Certains brésiliens tendent également à réduire ou à supprimer progressivement les produits d'origine animale de leur alimentation pour des motivations environnementales ou de bien-être animal.
Des groupes comme Mercy for Animals, qui a ouvert un bureau au Brésil en 2015, ont trouvé de puissants alliés locaux parmi les plus grandes célébrités populaires du pays. Anitta, l'une des plus célèbres artistes brésiliennes du moment, affirme qu'elle a réduit de façon drastique sa consommation de viande par souci d'impact environnemental.
Felipe Neto, un blogueur vidéo et entrepreneur qui compte plus de 40 millions d'abonnés sur YouTube, a annoncé l'année dernière qu'il devenait végétarien alors que le Brésil souffrait de feux exceptionnellement destructeurs en Amazonie et dans l'écorégion du Pantanal. La célébrité végétalienne la plus militante au Brésil demeure la présentatrice TV Xuxa Meneghel, dont l'émission diffusée en journée a fait sensation dans toute l'Amérique latine dans les années 1990.
Les entreprises qui s'appuyaient sur l'amour des Brésiliens pour la viande ont pris note du changement de points de vue et d'appétits et ont commencé à s'adapter au marché de plus en plus garni de produits végétaux.

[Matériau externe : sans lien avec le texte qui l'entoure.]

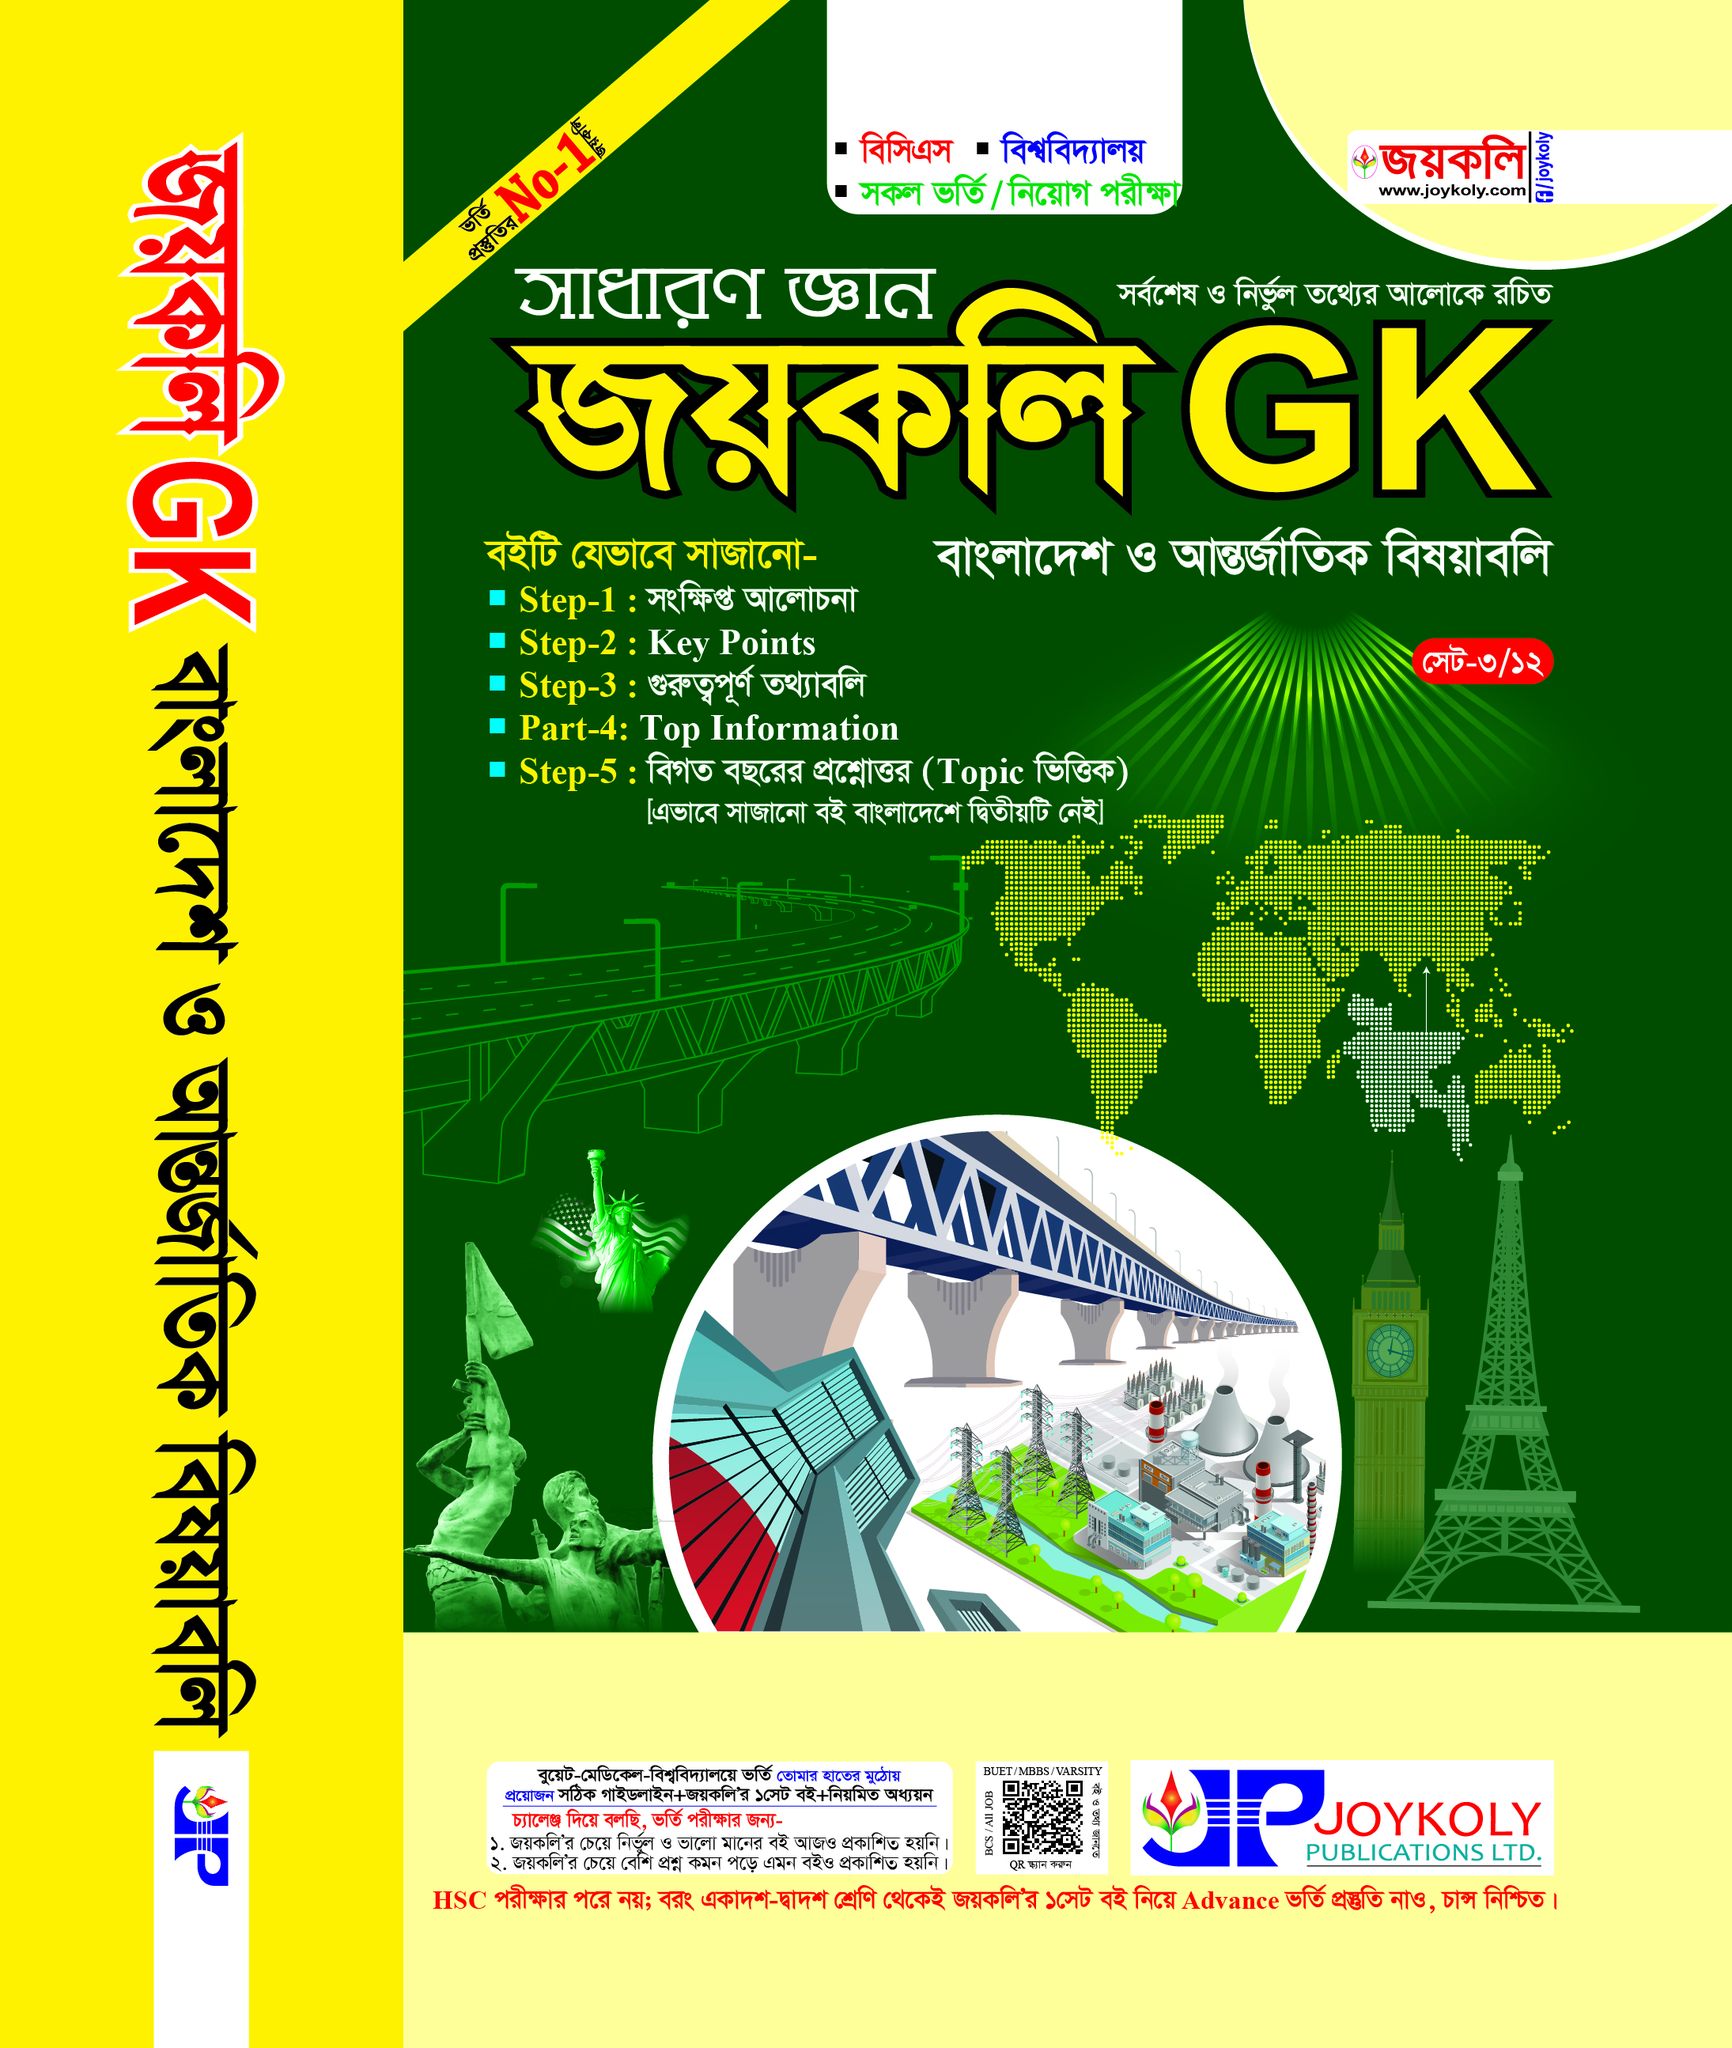 Joykoly GK (Bangladesh & International Affairs) for Admission

Outback Steakhouse, l'une des chaînes de restaurants les plus populaires au Brésil, a lancé au début de l'année 2020 un hamburger à base de brocoli et de chou-fleur.

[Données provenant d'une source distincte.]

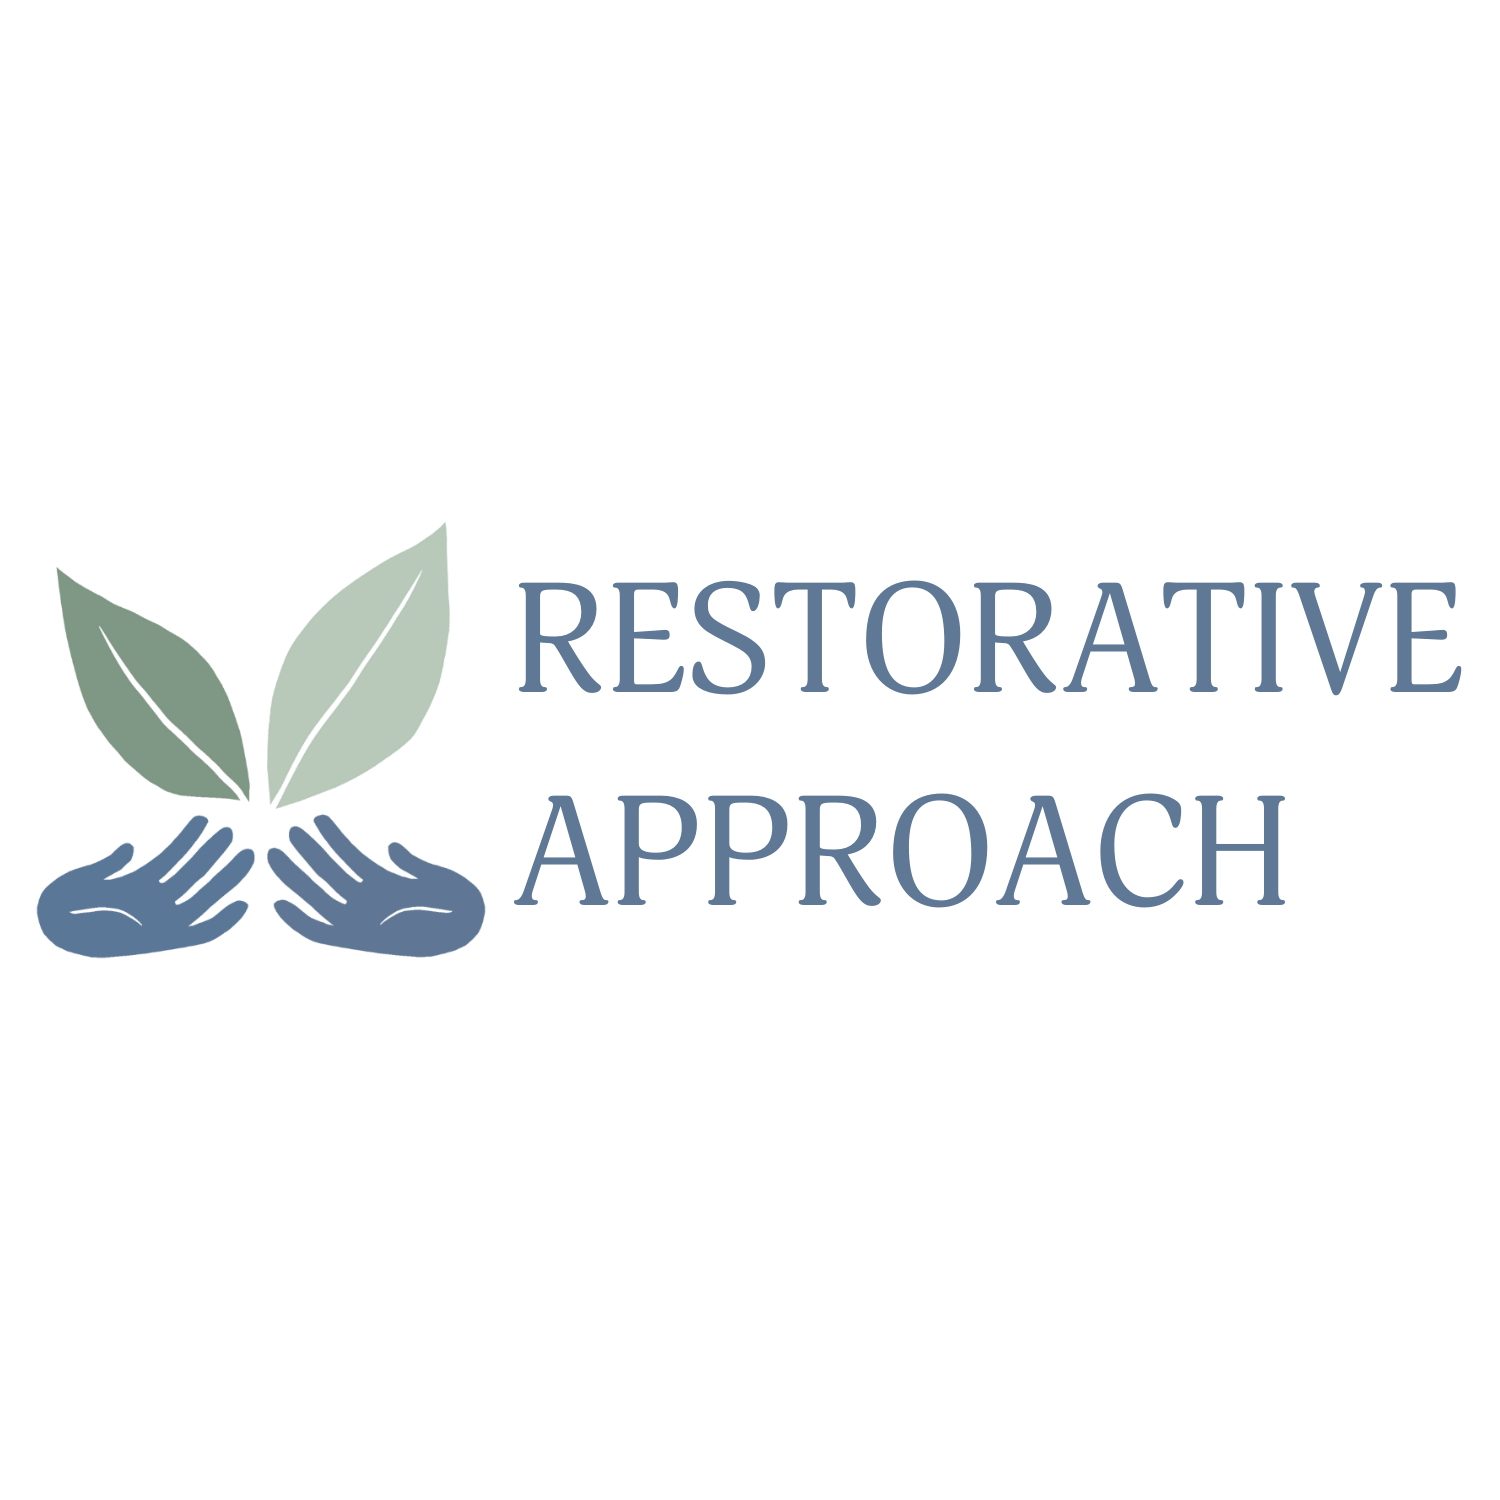 Logo_Text_RestorativeApproach

La société brésilienne JBS, leader mondial de la transformation de viande, a lancé l'année dernière une gamme de produits à base de plantes qui sont commercialisés comme ayant la même texture et le même goût que la viande. L'entreprise affirme même que l'expansion de ce secteur est la seule façon de nourrir durablement les humains dans les décennies à venir. « La stratégie de JBS en matière de protéines végétales vise à offrir de nouvelles alternatives aux consommateurs, qu'ils soient végétaliens, végétariens ou flexitaristes ».
Marcos Leta, le fondateur de Fazenda Futuro, qui est devenue en 2019 la première grande start-up brésilienne à vendre de la viande à base de plantes dans les épiceries, a étudié la chaîne d'approvisionnement de l'industrie des produits carnés du pays et ses modèles d'exportation et pense que le Brésil a le potentiel pour devenir un grand exportateur d'aliments à base de plantes. Marcos Leta aime que ses produits soient exposés dans les supermarchés à côté des paquets de poitrines et de côtes de poulet congelées. Il affirme que ce n'est qu'une question de temps avant que lui et ses concurrents puissent produire à une échelle qui rende leurs produits compétitifs par rapport à la viande et au poulet bon marché. La société Fazenda Futuro a récemment commencé à exporter ses produits, qui comprennent des imitations de boulettes de viande, de bœuf haché et de saucisses, vers les Pays-Bas. Il a signé des accords pour la distribution au Royaume-Uni, en Allemagne et dans plusieurs pays d'Amérique latine.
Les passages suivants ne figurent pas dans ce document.